Although the loathing in her drained eyes states otherwise.
“Sleep on the floor,” she says.
When she gives in to her weariness and lies back on the pillow, I remove her boots and toss them beside the bed. Then I yank the covers down from beneath her and gently draw them up over her body.
As I tuck the blanket around her shoulders, she watches me closely, a curious draw to her shadowed features.
I’ve touched every inch of her body. I’ve worshiped her, memorized her. I’ve reveled in the feel of her as she came undone in my arms, and yet this delicate moment here is the closest I’ve ever been to her.
I can sense her guard lowering. She doesn’t know how to shelter that fragile vulnerability yet, especially when she’s exhausted and emotionally spent.
“There’s nothing to fear.” I chance smoothing the hair away from her forehead, and she lets me. “We’re a force together. Your skills and my—”
“Psychosis?”
I choke off a laugh. “I prefer nefarious genius.” I kneel next to the bed, becoming level with her. “They won’t get near us. They can’t.”
After a weighted beat where I suppress the urgent desire to kiss her, I stand and start to move away. She reaches for my hand. Her fingers are light on my palm, but it’s enough to stop me. I follow the connection up to meet her eyes.
“What did Grayson say to you?”
Stalled, I watch the reflected lights from the street play across the wall. Her vulnerability could be a manipulation tactic, a ploy to lower my defenses. Even so, I have to give in to her. We’ll never reach our aligned destination if one of us doesn’t yield to the other.
I walk to the window on the other side of the bed and close the blinds to shut out the city lights. Then I reach behind my head and tug off my shirt. I drop the ruined fabric to the hardwood before I slip into bed beside her.
I give her what she asks and openly recount my interaction with Grayson, even admitting to where he approached me. She knows I’ve been inside her loft; she’s figured it out by now.
The groove between her eyebrows caves as deep as her thoughts. “I was right. They want us dead.”
I lie facing her, my head propped painfully on my burned and bruised fist. “Logically, yes.
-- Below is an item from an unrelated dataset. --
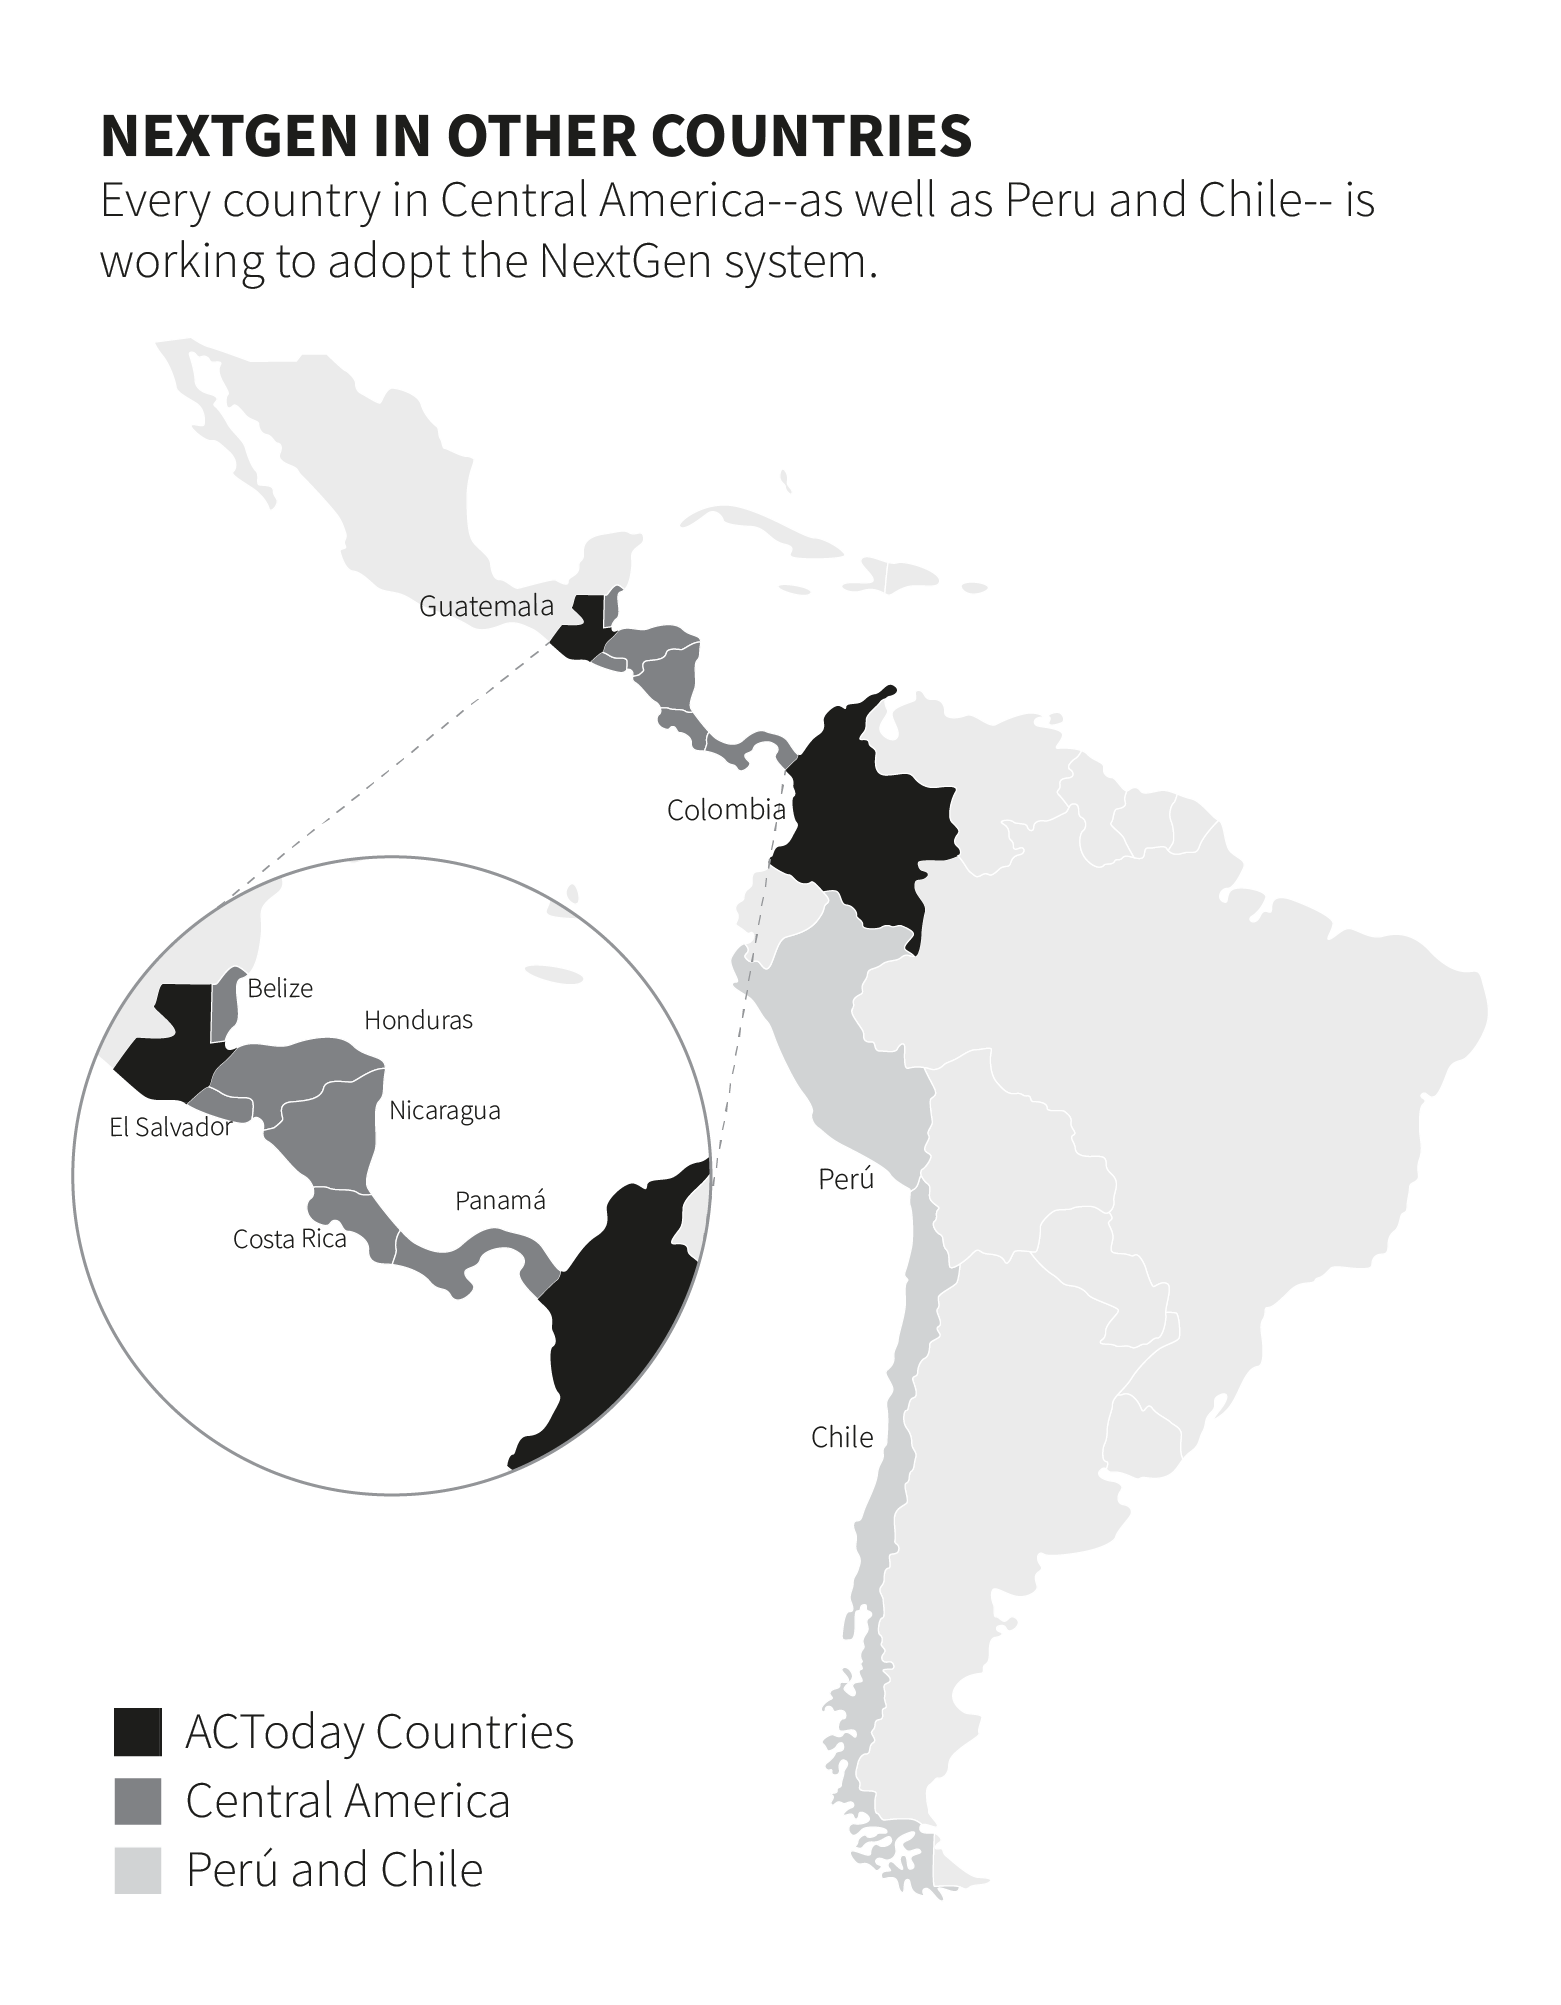 The headline of the image reads "NextGen in other countries" with the text below it: "Every country in Central America—as well as Peru and Chile—is working to adopt the NextGen system." A map of Central and South America below uses a greyscale key to identify the ACToday Countries (in black: Guatemala and Colombia), Central America (in dark grey: Belize, Honduras, El Salvador, Nicaragua, Costa Rica and Panamá) and (in light grey) Perú and Chile.

Use us to remove any correlation to the victims, then remove all traces of me, the only link to my sister.” Mary is the threat tying Grayson to the chain of events. Although the MO is different, authorities would have no issue drawing a parallel to The Angel of Maine for my crimes.
“And there can’t be any witnesses,” she says, piecing together her own demise as part of the equation.
“Letting either of us live would sabotage the carefully orchestrated vanishing act Grayson performed,” I say. “He won’t allow that to happen.” Also, I believe he fears what such an exposure will uncover about his psychologist’s involvement.
“But there’s another variable I’m ashamed to admit I didn’t consider, one the fiend himself was pleased to point out.” I hedge closer to her, the sheet an annoying obstruction between us. “Brewster.”
She gently shakes her head against the pillow. “I don’t understand.”
“The same software we used to spy on Brewster during the Ericson revenge job, Brewster can use to trace and find you. He may not be that tech savvy himself, but he has enough money and connections to find someone who is.” I rest my hand on her arm, gliding my thumb under the shirt cuff to ground a connection. “Brewster is a danger to you.”
Her skin pebbles with gooseflesh, and I try to rub the chill away.
“Why would—?” As soon as she starts to voice the thought, she realizes the implication.
“Money,” I answer simply.
She wipes a hand down her face. “I should’ve realized. I would’ve realized it…before.”
I draw my hand away. I could reassure her that her emotions will balance out, that she won’t always be so aware of or distracted by them. But I let the silence build, fuming the bedroom like steam in the shower.
“I could hack Ericson’s accounts,” she says, thinking aloud. “Then I could transfer Brewster’s money to an anonymous source, provide logins for him. If all he wants is his money, I can make that happen.”
“He’s being looked at too closely in connection to Ericson’s murder,” I tell her. “Any transactions will be traced. It’s too risky.”
“I plan to turn myself in anyway,” she says, staring at the ceiling. “It would just hasten the process.”
Her confession doesn’t distress me as much as the prospect once did. I watched Blakely pass a police precinct every day on her way to the martial arts studio. She’d pause in front of the building and stare at the door, and I knew what she was contemplating.